A popular song from my middle school years sings, “I don’t care who you are, where you’re from, what you did, as long as you love me” (“As Long as You Love Me,” Backstreet Boys, 1997). A lot of my students think of God this way. They just want to know that God loves them (they just want to feel loved in general, but that’s a different conversation); they don’t care to learn about who God is. At least, their performance in my Intro Bible, theology, and history courses suggests that they don’t care about who God is. They just want to be loved, and, to their credit, they want to tell others about God’s love. I would argue that a person can’t fully understand what love is unless she knows the one who proclaims love. We interpret the phrase “I love you” differently based on the person speaking and the relationship we have. I love donuts; I love my best friend; I love my parents. We’re not confused about the kind of love when we hear the words because we know the person speaking. So how can we know the character of God’s love for us if we don’t know the character of God?

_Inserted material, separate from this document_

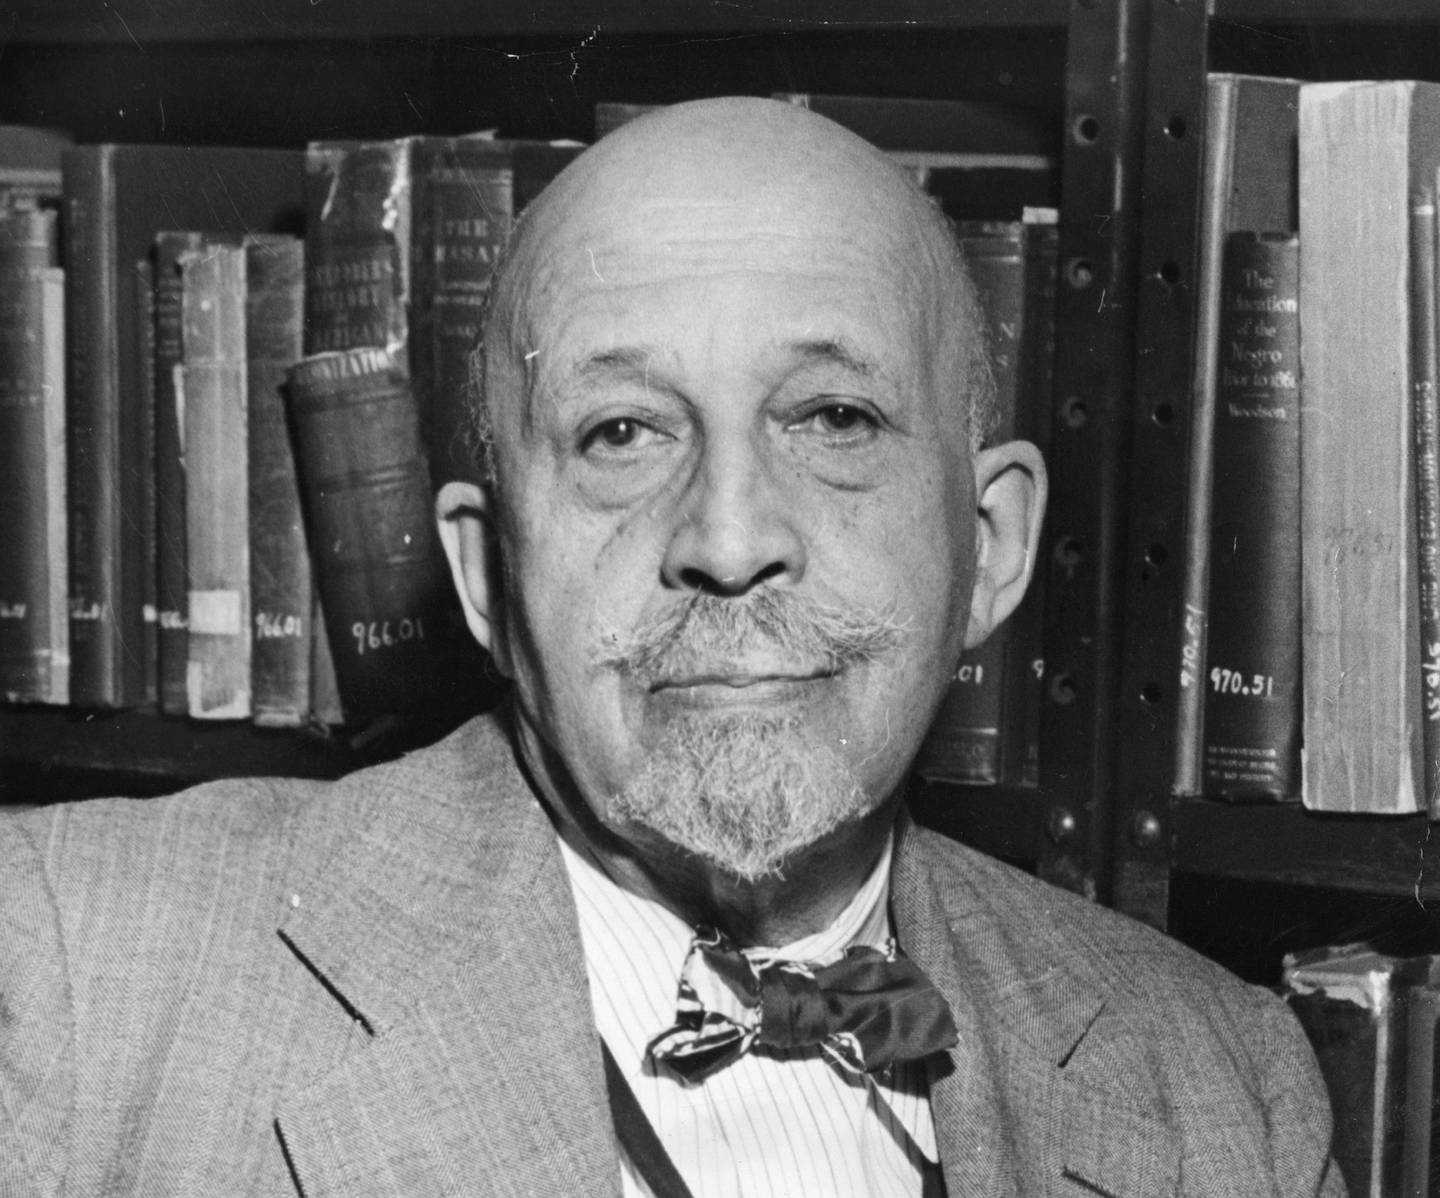 Dr William Edward Burghardt Du Bois (1868 - 1963), 82-year old anthropologist and publicist, co-founder of the National Association for the Advancement of Coloured People (NAACP) who has been nominated as the American Labor Party candidate for Senator from New York.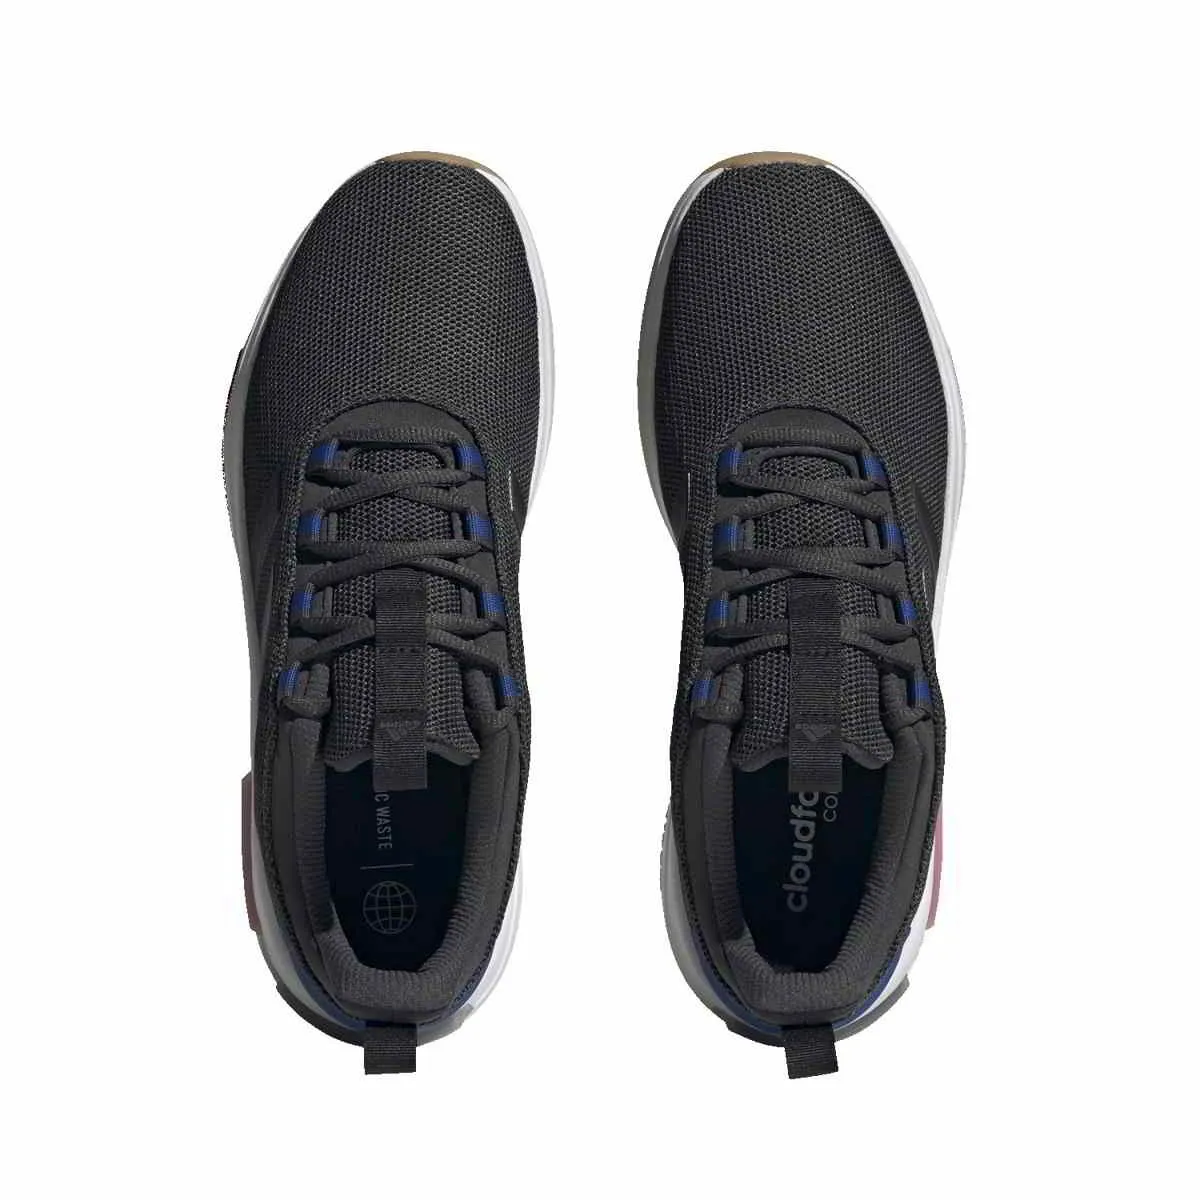 Chaussures adidas Racer TR23 carbone/noir/royal

The ancients knew this. In the raging fourth-century arguments about the nature of God, a person couldn’t go to the bakery without being asked whether he was a homoian or a homoousian (Gregory of Nyssa, Oratio de deitate Filii et Spiriti Sancti [GNO X.2; PG 46.557]). The last time I was at Starbucks the barista only asked if I wanted whipped cream on my hot chocolate. It wasn’t that the ancients thought we could capture or fully understand the essence of God (that was a different heresy, among the Eunomians). They still claimed that God was mystery. But they also said that God had revealed God’s self to us, and we should try to understand what has been revealed so that we may know God more deeply.

The Trinity makes the most sense of Scripture and the experience of Christians. God is one. That has always been clear. But Jesus has done something radical. People experienced salvation with Jesus. Jesus rose from the dead. Athanasius says that Jesus restores the image of God in humans and reverses the world’s spin toward nothingness (On the Incarnation). After two centuries of trying to articulate the mystery of salvation they have experienced, Christians said that Jesus must be fully God, even as God is one. Therefore, God is somehow one and two—one divine essence and two persons. Then, that settled, they go through the whole process again with the Holy Spirit. The Holy Spirit also does the things that only God does, so they understand that the Holy Spirit is also fully God. Somehow God is one and three—three divine persons, one divine essence. This is how God revealed God’s self in Scripture and in Christ and in our experience of salvation and our continued existence and experiences of love in the world.

Having an understanding of the Trinity clarifies what it means to say or sing that God loves the world and that God loves us. Having this understanding keeps us from confusing God’s love with our love for donuts or, more probably, our parents’ and friends’ loves. To believe that God is Trinity is to believe that God loves the world so much that God became human in order to save it. To save us. To believe that God is Trinity is to believe that God is still active in the world, loving and sustaining it. It is to believe that, all empirical evidence to the contrary, the world could actually be worse than it is. To believe that God is Trinity is to hear and know the whole cosmic story of salvation. And then we know how much we are loved.